The overall status of the case can be set using the Run Status pull-down menu. Available statuses are Not Started, Running, Failed, and Complete.
The Last Modified By field shows who last modified the case and when. This field is not editable.
The lower section of the Summary tab has various fields to set technical details about the case such as which model will be run, the downstream model (i.e. which model will be using the output from the case), and the speciation mechanism in use. These values will be available to the scripts that are run for each case job; see Sec. 5.2 for more information.
For the case shown in Fig. 5.7, the Start Date & Time is January 1, 2011 00:00 GMT and the End Date & Time is December 31, 2011 23:59 GMT. The EMF client has automatically converted these values from GMT to the local time zone of the client which is Eastern Daylight Time (GMT-5). Thus the values shown in the screenshot are correct, but confusing.
Fig. 5.8 shows the Jobs tab in the Case Editor window.
At the top of the Jobs tab is the Output Job Scripts Folder. When a job is run, the EMF creates a shell script in this folder. See Sec. 5.2 for more information about the script that the EMF writes and executes. Click the Browse button to set the scripts folder location on the EMF server. Otherwise, the folder location can be typed in the text field.
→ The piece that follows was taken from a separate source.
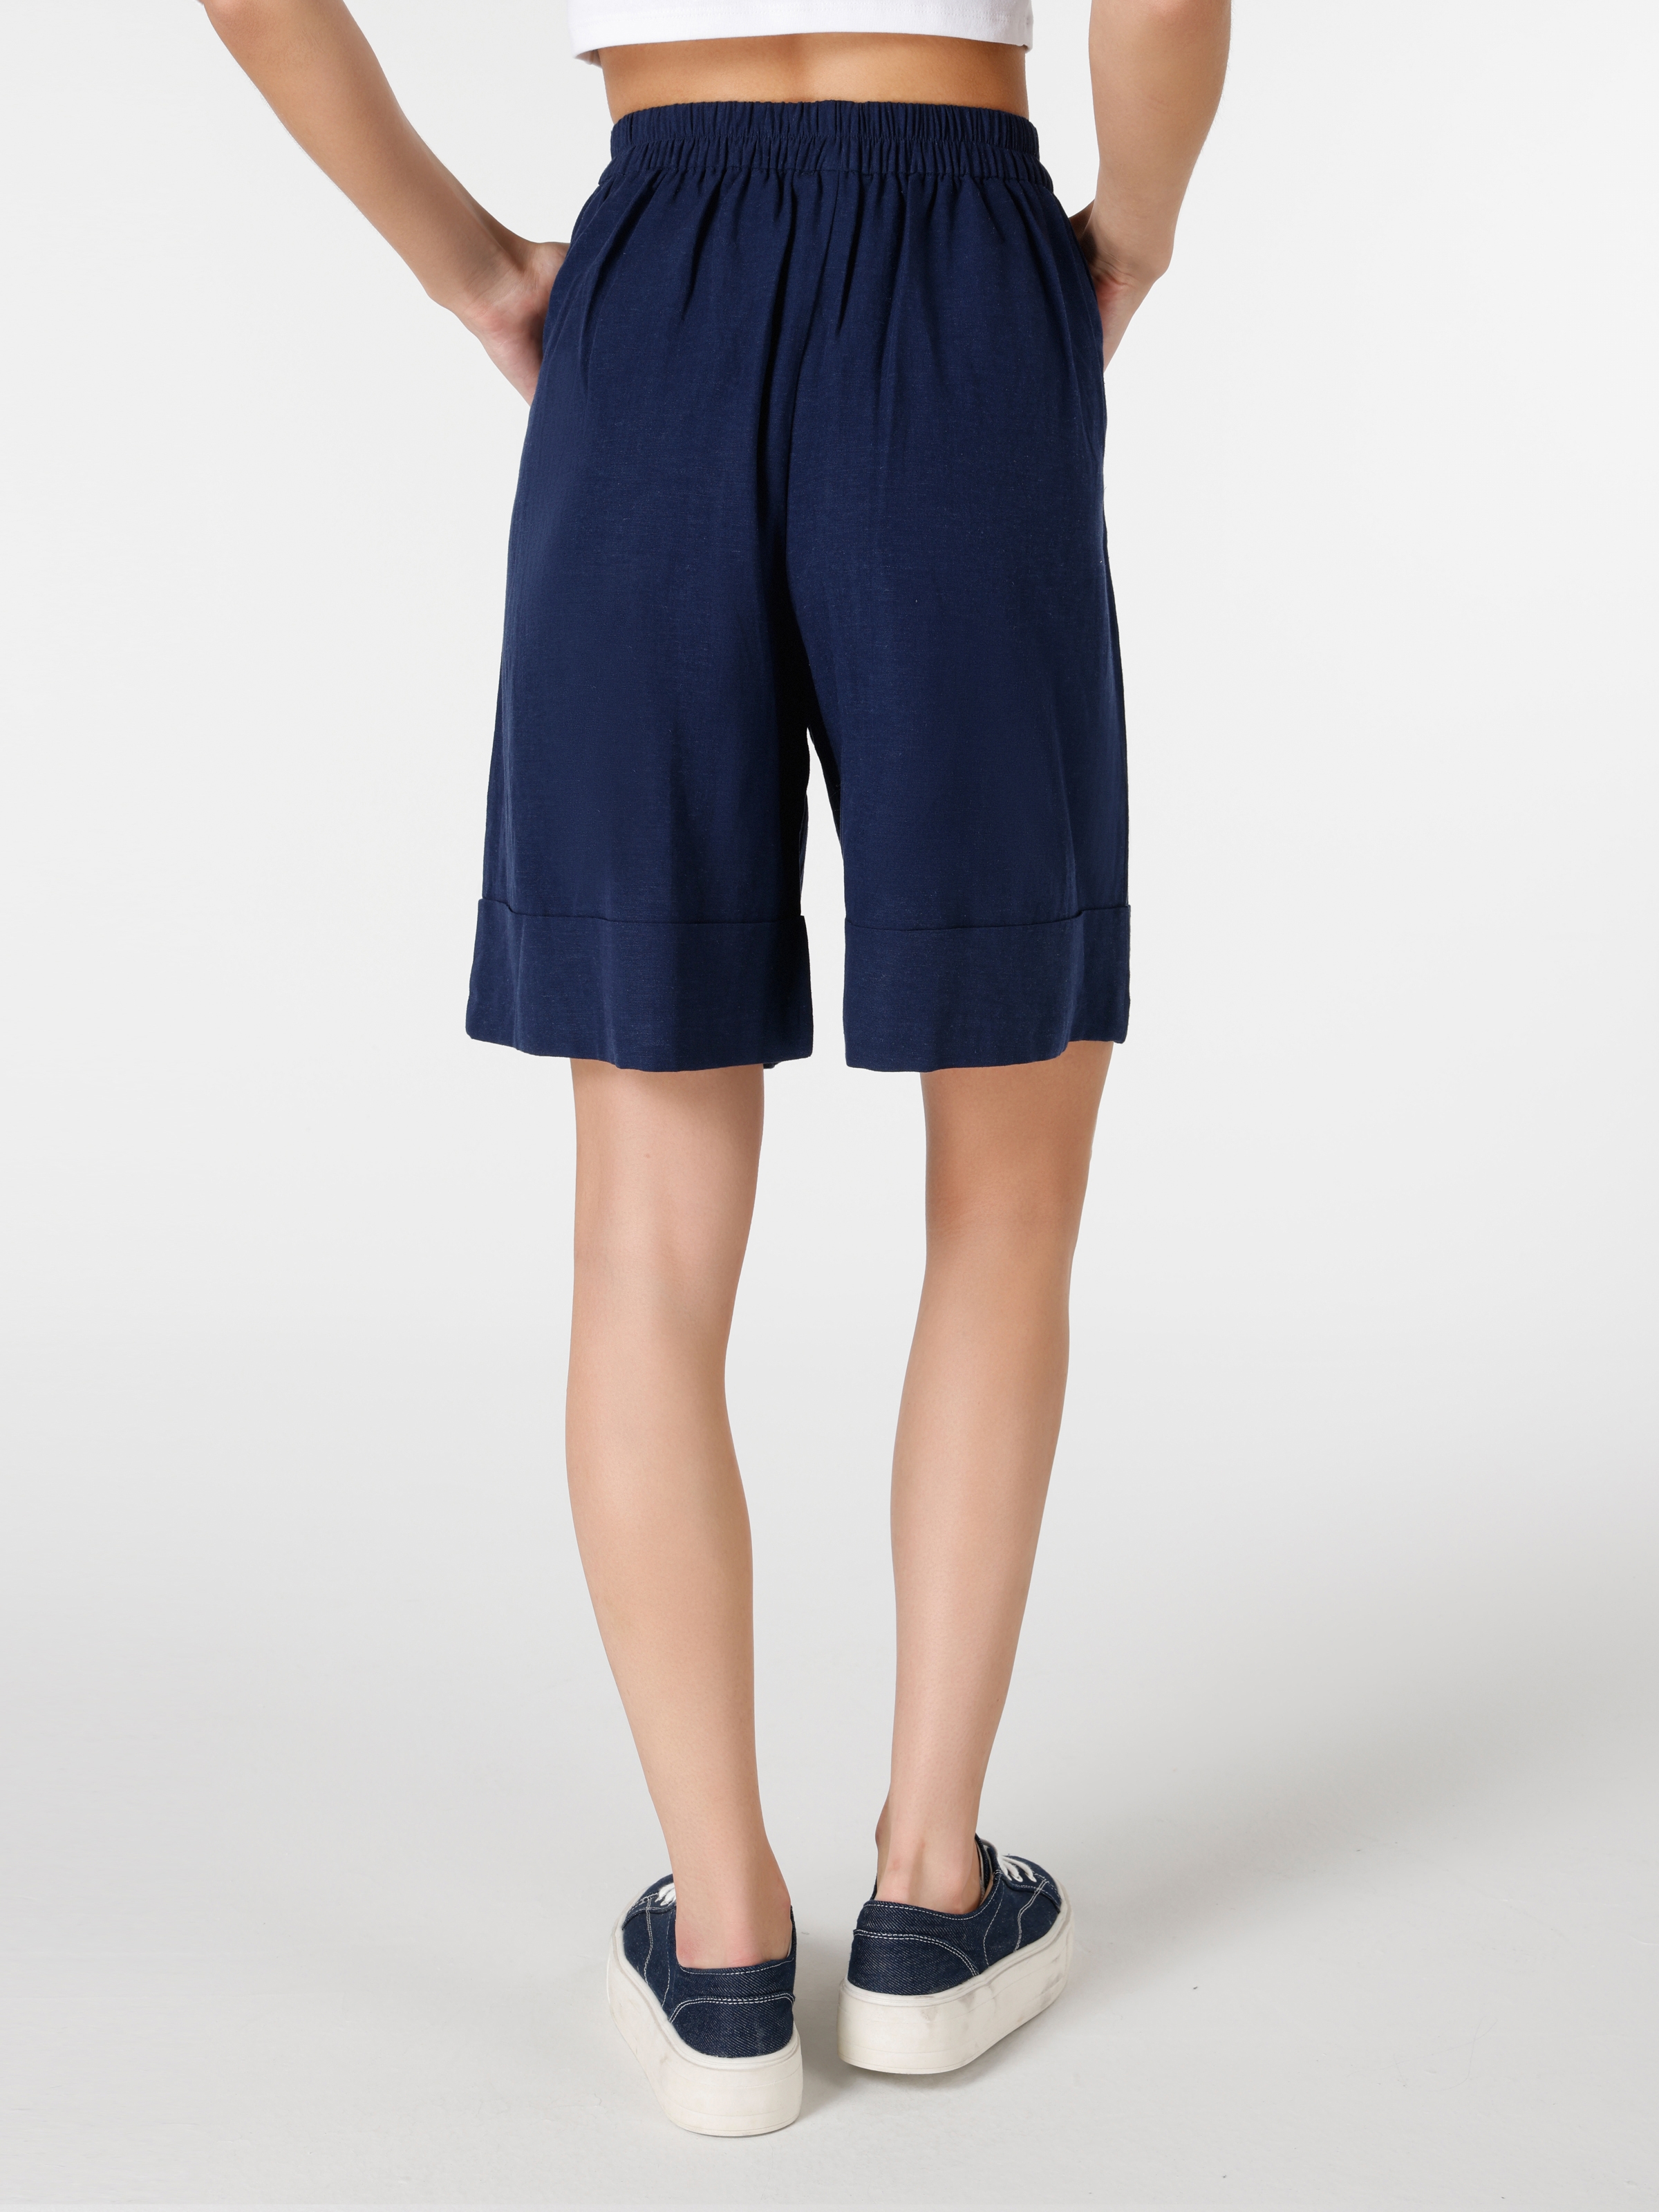 Afișați detalii pentru Short / Pantaloni Scurti De Dama Albastru Marin Regular Fit  CL1063903

As shown in Fig. 5.8, the Output Job Scripts Folder can use variables to refer to case settings or parameters. In this case, the folder location is set to $PROJECT_ROOT/$CASE/scripts
. PROJECT_ROOT is a case parameter defined in the Parameters tab with the value /data/em_v6.2/2011platform
. The CASE variable refers to the case’s abbreviation: test_2011eh_cb05_v6_11g
. Thus, the scripts for the jobs in the case will be written to the folder /data/em_v6.2/2011platform/test_2011eh_cb05_v6_11g/scripts
.
To view the details of a particular job, select the job, then click the Edit button to bring up the Edit Case Job window (Fig. 5.9).
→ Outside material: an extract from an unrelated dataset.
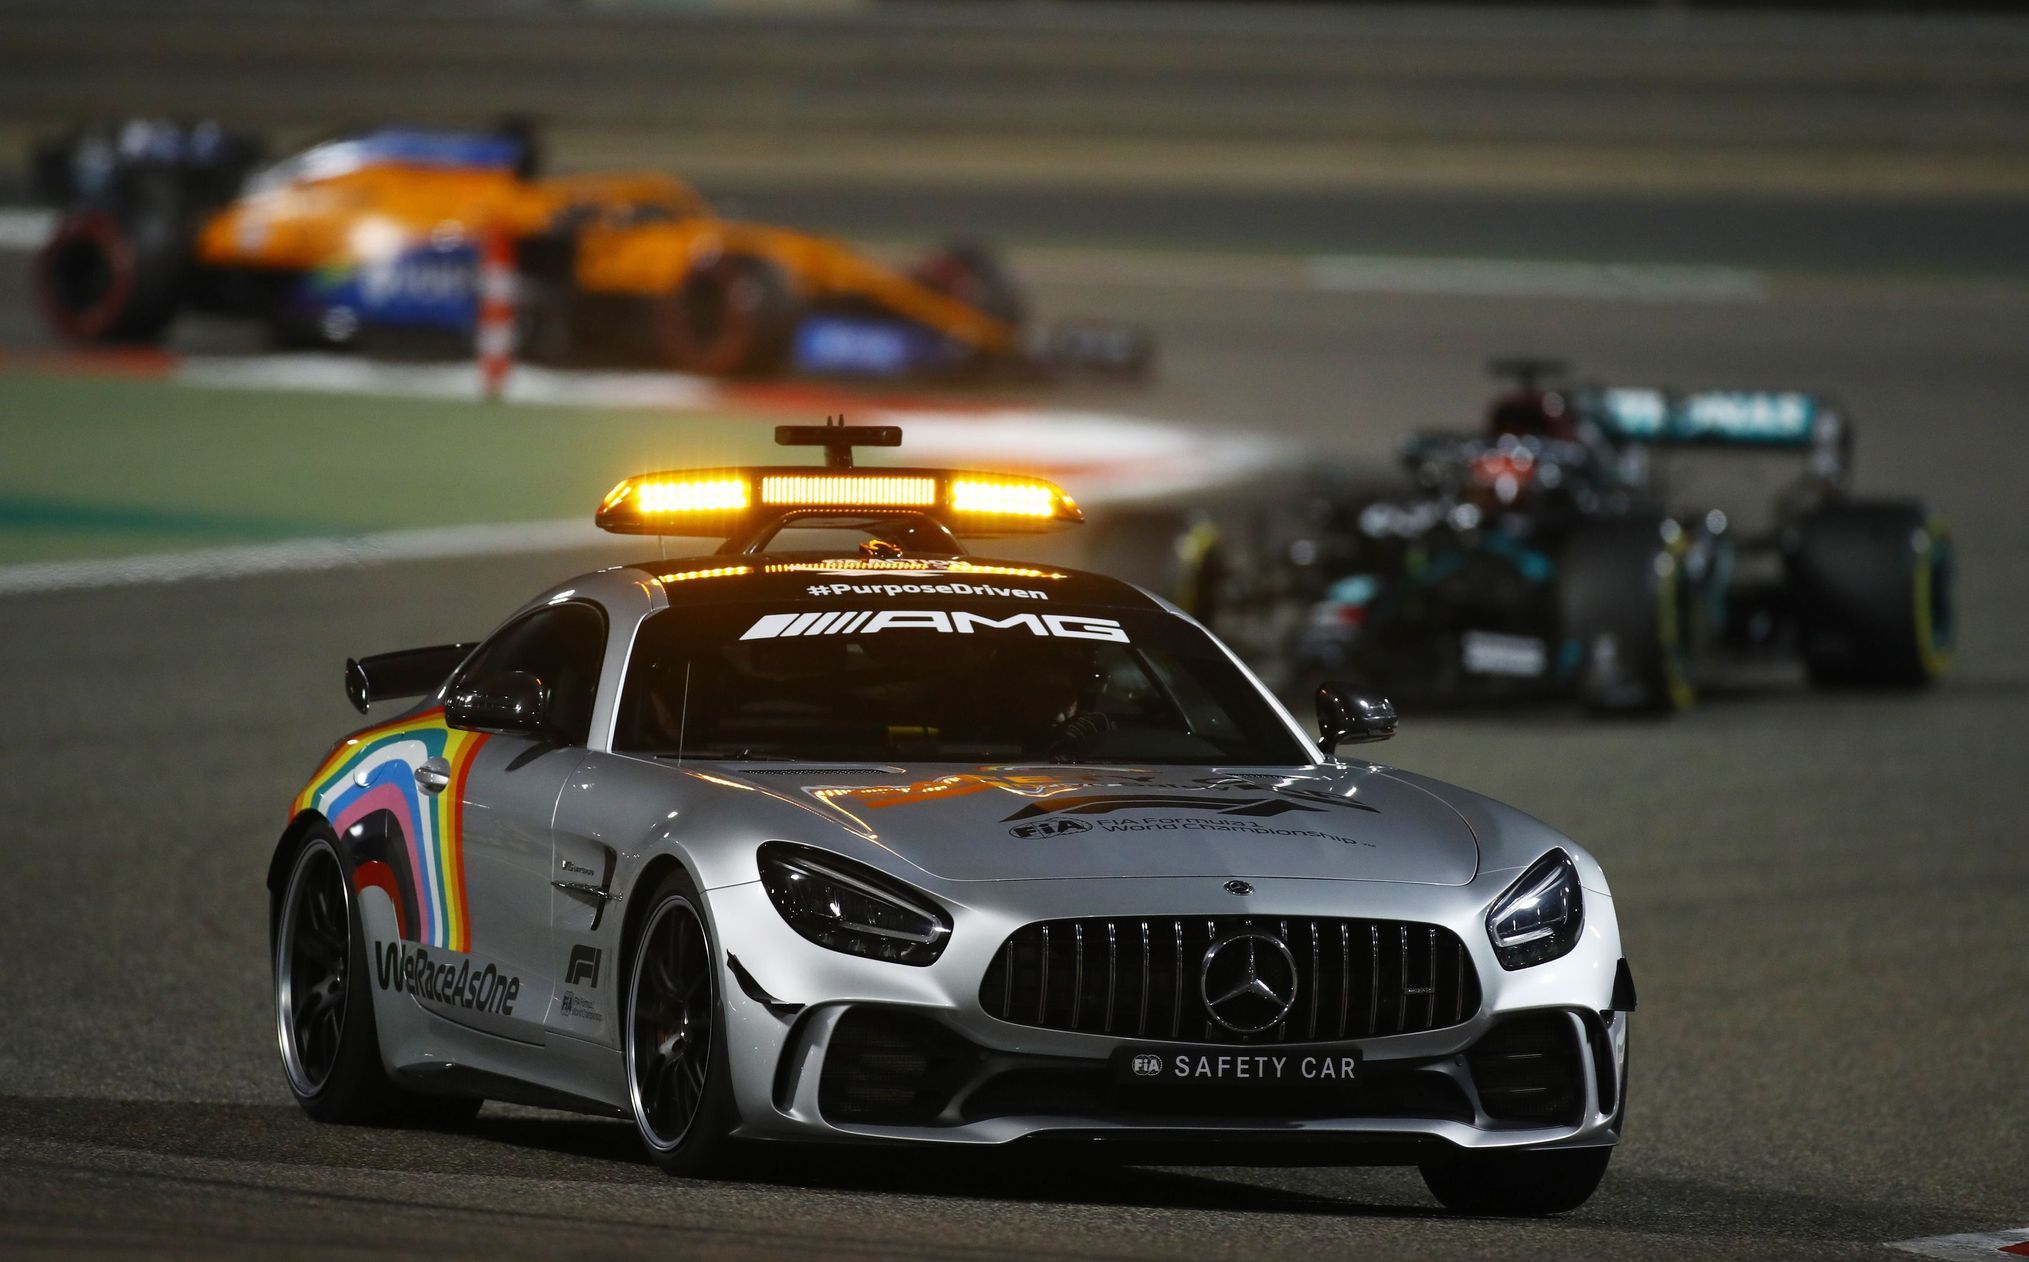 Safety car v čele závodního pole během Velké ceny Sáchiru F1 2021

Tbl. 5.6 describes each field in the Edit Case Job window.
Name | Description |
---|---|
Name | The name of the job. When setting up a job, the combination of the job’s name, region, and sector must be unique. |
Purpose | A short description of the job’s purpose or functionality. |
Executable | The script or program the job will run. |
Setup | |
Version | Can be used to mark the version of a particular job. |
Arguments | A string of arguments to pass to the executable when the job is run. |
Job Order | The position of this job in the list of jobs. |
Job Group | Can be used to label related jobs. |
Queue Options | Any commands that are needed when submitting the job to run (i.e. queueing system options, or a wrapper script to call). |
Parent case ID | If this job was copied from a different case, shows the parent case’s ID. |
Local | Can be used to indicate to other users if the job runs locally vs. remotely. |
Depends on | TBA |
Region | Indicates the region associated with the job. |
Sector | Indicates the sector associated with the job. |
Host | If set to anything other than localhost, the job is executed via SSH on the remote host. |
Run Status | Shows the run status of the job. |
Run Results | |
Queue ID | Shows the queueing system ID, if the job is run on a system that provides this information. |
Date Started | The date and time the job was last started. |
Date Completed | The date and time the job completed. |
Job Notes | User editable notes about the job run. |
Last Message | The most recent message received while running the job. |
After making any edits to the job, click the Save button to save the changes. The Close button closes the Edit Case Job window.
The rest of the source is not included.